Funny how things seem to hit you on the head and leave a lump despite what seems like good and innocent intentions. I am far from being an automophile (no such word, boys and girls) save for that once in an apocalyptic moon when I browse Google for photos of luxury cars. Men like myself should be allowed to dream of the good life every now and then.
It should be understood, however, that from the day Noynoy Aquino sat as President of the Republic to this very hour, his words and actions will always fall under the scrutiny of the public. He is a public figure, needless to say. No doubt far from any personal reasons and efforts at black propaganda, albeit those cannot be discounted altogether, these uproars are more the signs of something deeper, something that needs immediate resolve.
Buying a Porsche is not bad, not even a sin, that is, from a comfortable angle. I personally have nothing against it. There is no law that says the President has no personal right as an individual to spend his mullah on a sports car. The President, notwithstanding popular belief, has rights too. As a bachelor, Noynoy Aquino has the right to live and love, even luxuriate in what his wallet can afford for himself.
Too, as the leader of a nation, he represents the good and admirable in the Filipino, not the people’s collective poverty. For one thing, it should never be said of the Filipino head of state that he is dugyot. The Aquinos and Cojuangcos are not poor in the first place.
If simple gatherings demand that we should be dressed for the occasion, then why are we raising a rancor over a purchase? If the chief executive officer of a multinational corporation can, by his own money, drive around the streets of Ayala in an Aston Martin or Mercedez Mclaren, why not the President of the Republic? I mean, we don’t call him Chief Executive for nothing.
Besides, he’s a bachelor and quite the ladies man, or so I heard. What better way to flaunt the mating feathers than to cruise around the metro with a yellow Porsche. It’s a ritual every man is familiar with, something even the great JFK was wont to display.

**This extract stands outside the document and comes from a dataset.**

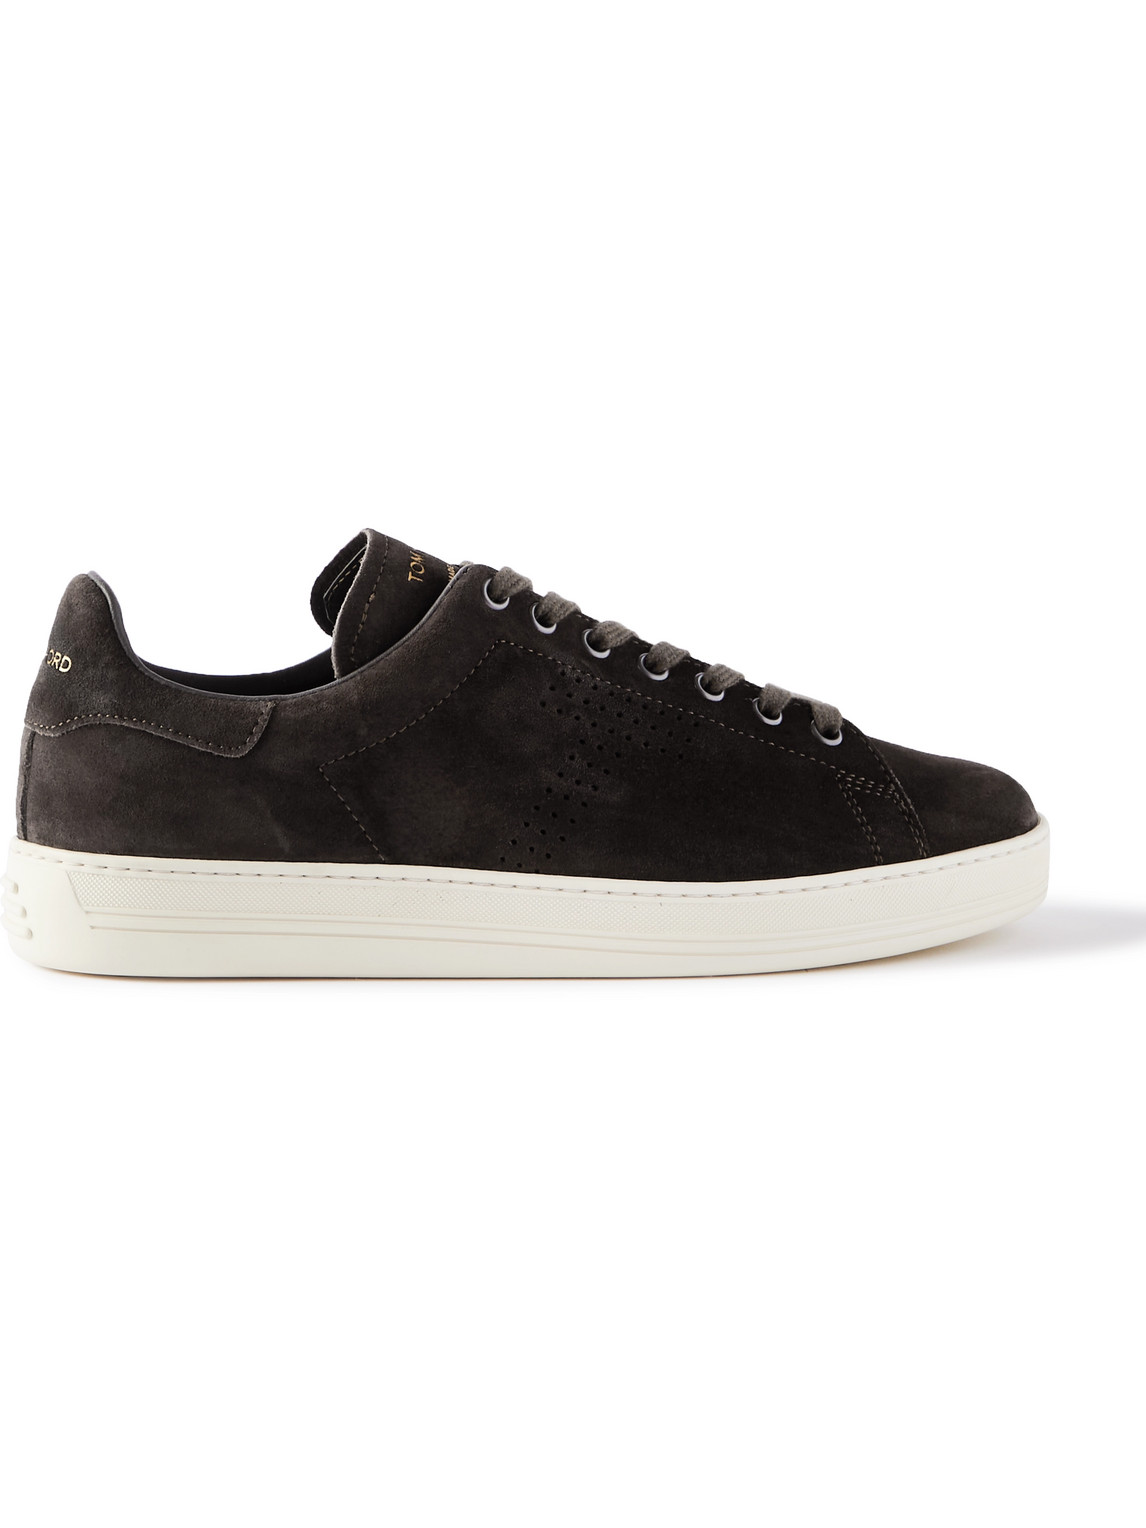 Warwick Perforated Suede Sneakers

There is, however, a flaw in the wave. Aquino’s purchase of a Porsche spoke a lot about his character, the inner force that drives him. Leadership that’s worth its weight in gold is all about character—the temperament and disposition of soul and spirit that say he is a cut above the rest of the dire lot.
In a nutshell, leadership is about principle, and as former US President Thomas Jefferson once said, “In matters of principle, stand like a rock.”
Malacanang may think the purchase of the Porsche bears little weight on the public at large. It was the President’s money, so Lacierda explains. The fact that the Palace strongly pressed for the right of the President to purchase a luxury car, they totally missed why he is President in the first place: not simply because he was voted into power, but that his position requires him above everyone else to act with prudence and wise discretion. He must, at all times, have the country in mind, or at least, for the next six years. One question is: Mr. President, can’t you even wait?
The sin of one who gorges on a loaf of bread in front of a child hard put at having a piece of cold pan de sal without molds, is not only mindless, it is downright cruel.
The real question that Noynoy needs to answer then arises: Would the late President Cory Aquino or Sen. Ninoy Aquino approve of it?
I don’t think so.
JOEL PABLO SALUD is the chief editor of the Philippines Graphic magazine, the country’s top newsweekly publication (sister publication of the BusinessMirror). He is a member of the Unyon ng Manunulat sa Pilipinas (UMPIL) and The Manila Critics Circle.